Approximately 4,500 pedestrians are killed in vehicle collisions each year, and TEEX and the Texas Transportation Institute (TTI) are collaborating to train law enforcement officers who investigate these crashes.
“A pedestrian vs. automobile crash is dynamically different from a vehicle vs. vehicle crash,” said David Aguirre, Training Coordinator with TEEX Public Safety & Security. “Our Pedestrian/Automobile Reconstruction Course teaches investigators how to manage the crash scene, to collect and document evidence, and to perform the unique calculations needed to estimate the speed of the striking vehicle.”
Twelve students attending the weeklong course got first-hand demonstrations of a vehicle striking a “crash dummy” pedestrian at a new crash simulation site on the Texas A&M Riverside Campus last week.
Following each simulated crash, course participants collected and recorded evidence at the scene. They took the necessary measurements on-site and from the vehicle to calculate the speed by applying the correct equations. The course also teaches students how to read and understand the Medical Examiner reports that detail injuries sustained by the pedestrian, Aguirre added.

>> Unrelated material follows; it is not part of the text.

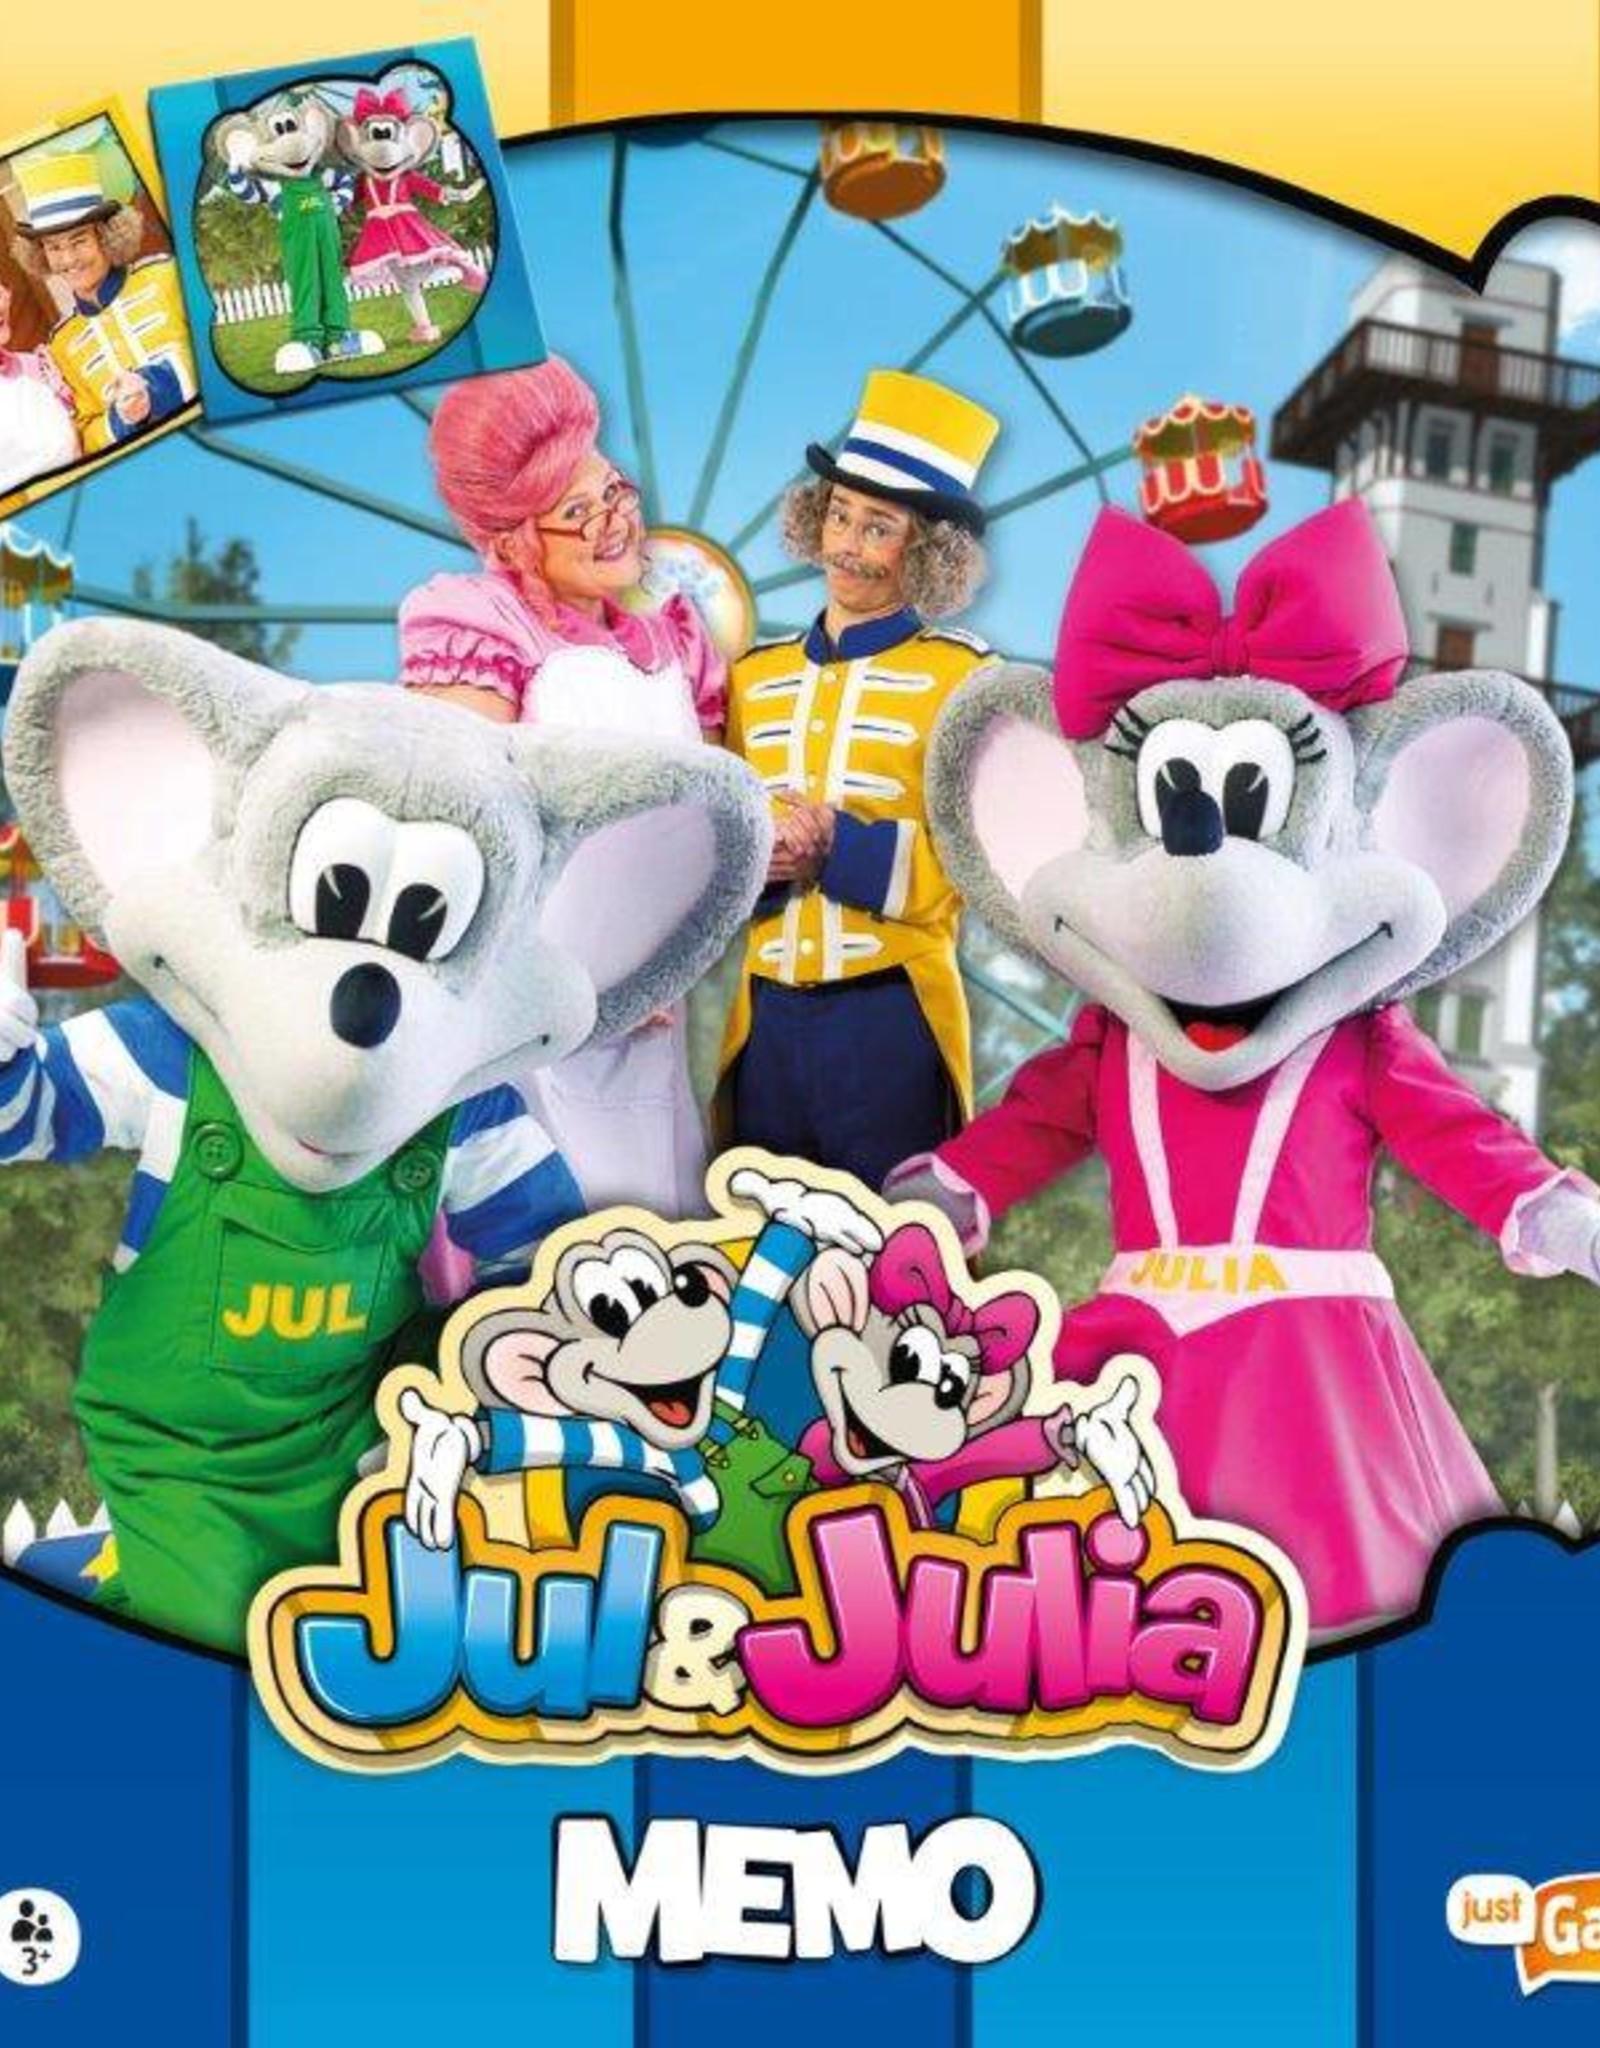 Just Entertainment Jul & Julia - Memo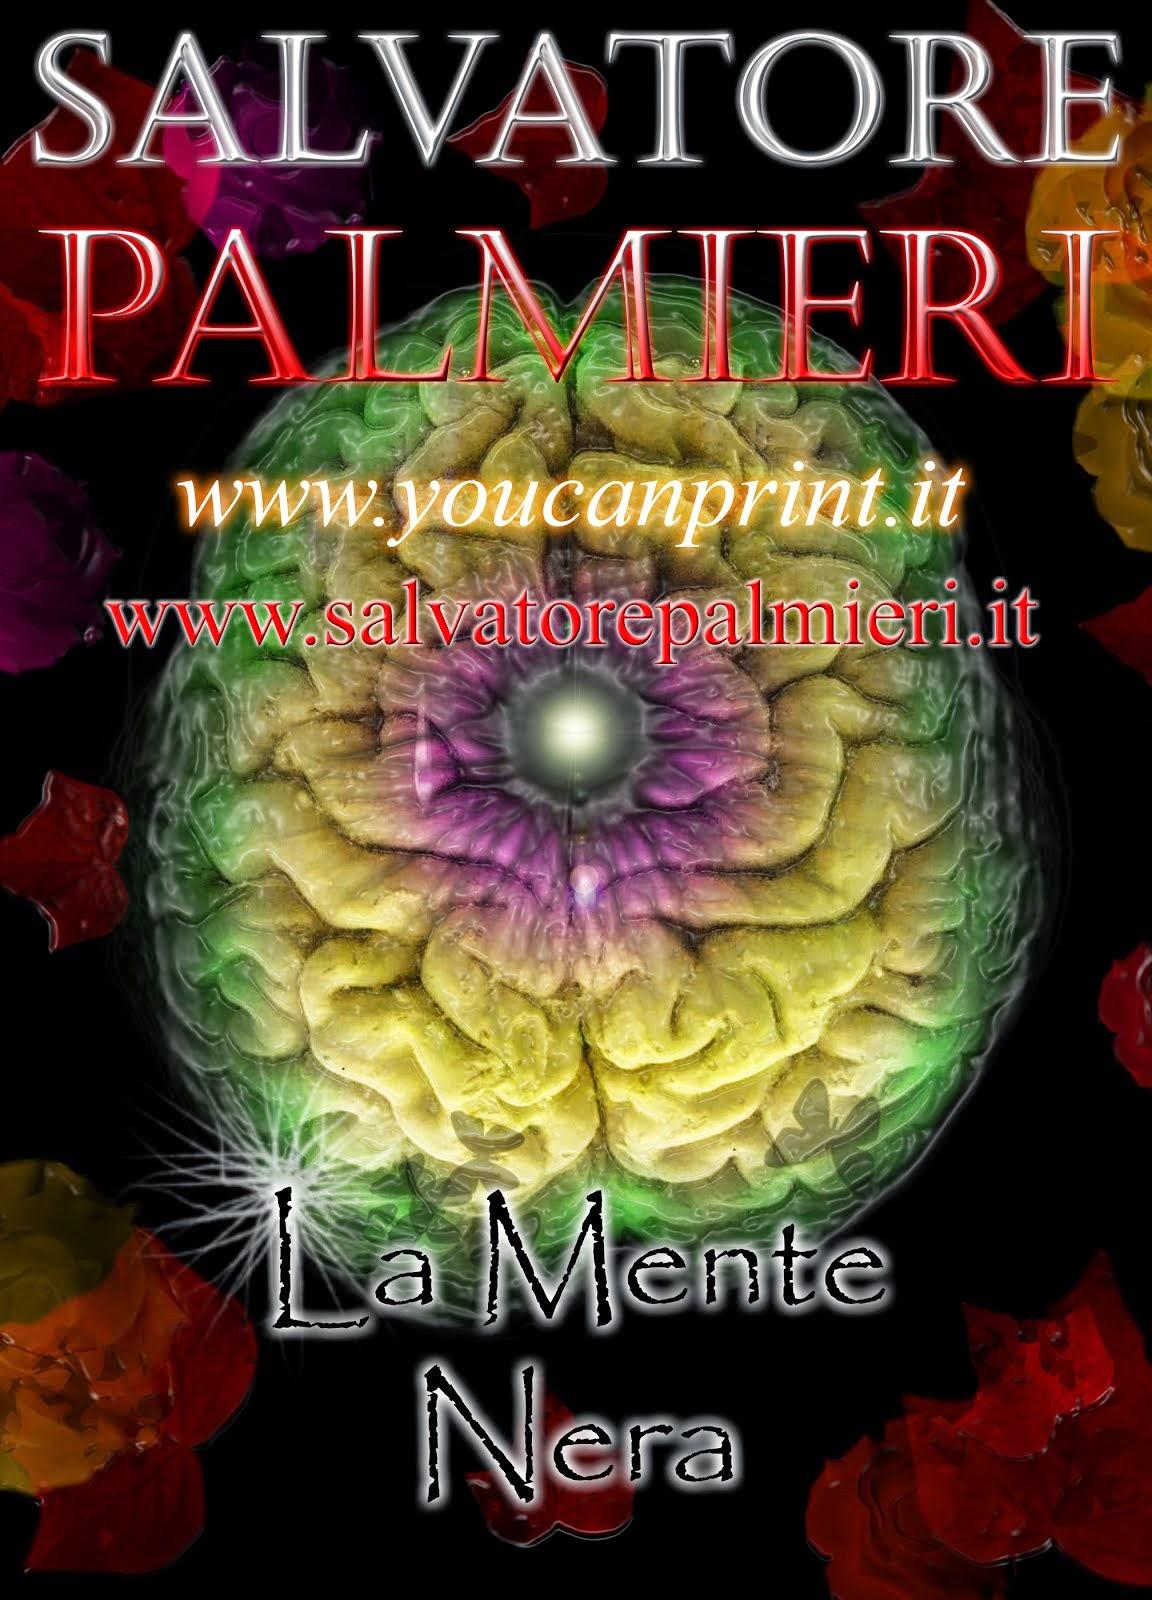 """""""La Mente Nera"""" - di Salvatore Palmieri"""

“We partnered with TTI, so we could tap into their vast experience in conducting crash tests,” Aguirre said. “TTI also helped with the design of the rail system and documented the crashes with high-speed camera equipment.
“Using a driverless car on a rail system allows us to safely accelerate the striking vehicle to any speed we desire. With a remote braking system, we can apply braking before, at or after impact. By controlling these variables, we can accurately test the students and validate the calculations.”
The first test on the new crash simulation site was successful, he said. “All 12 students correctly calculated the impact speed of the vehicle.”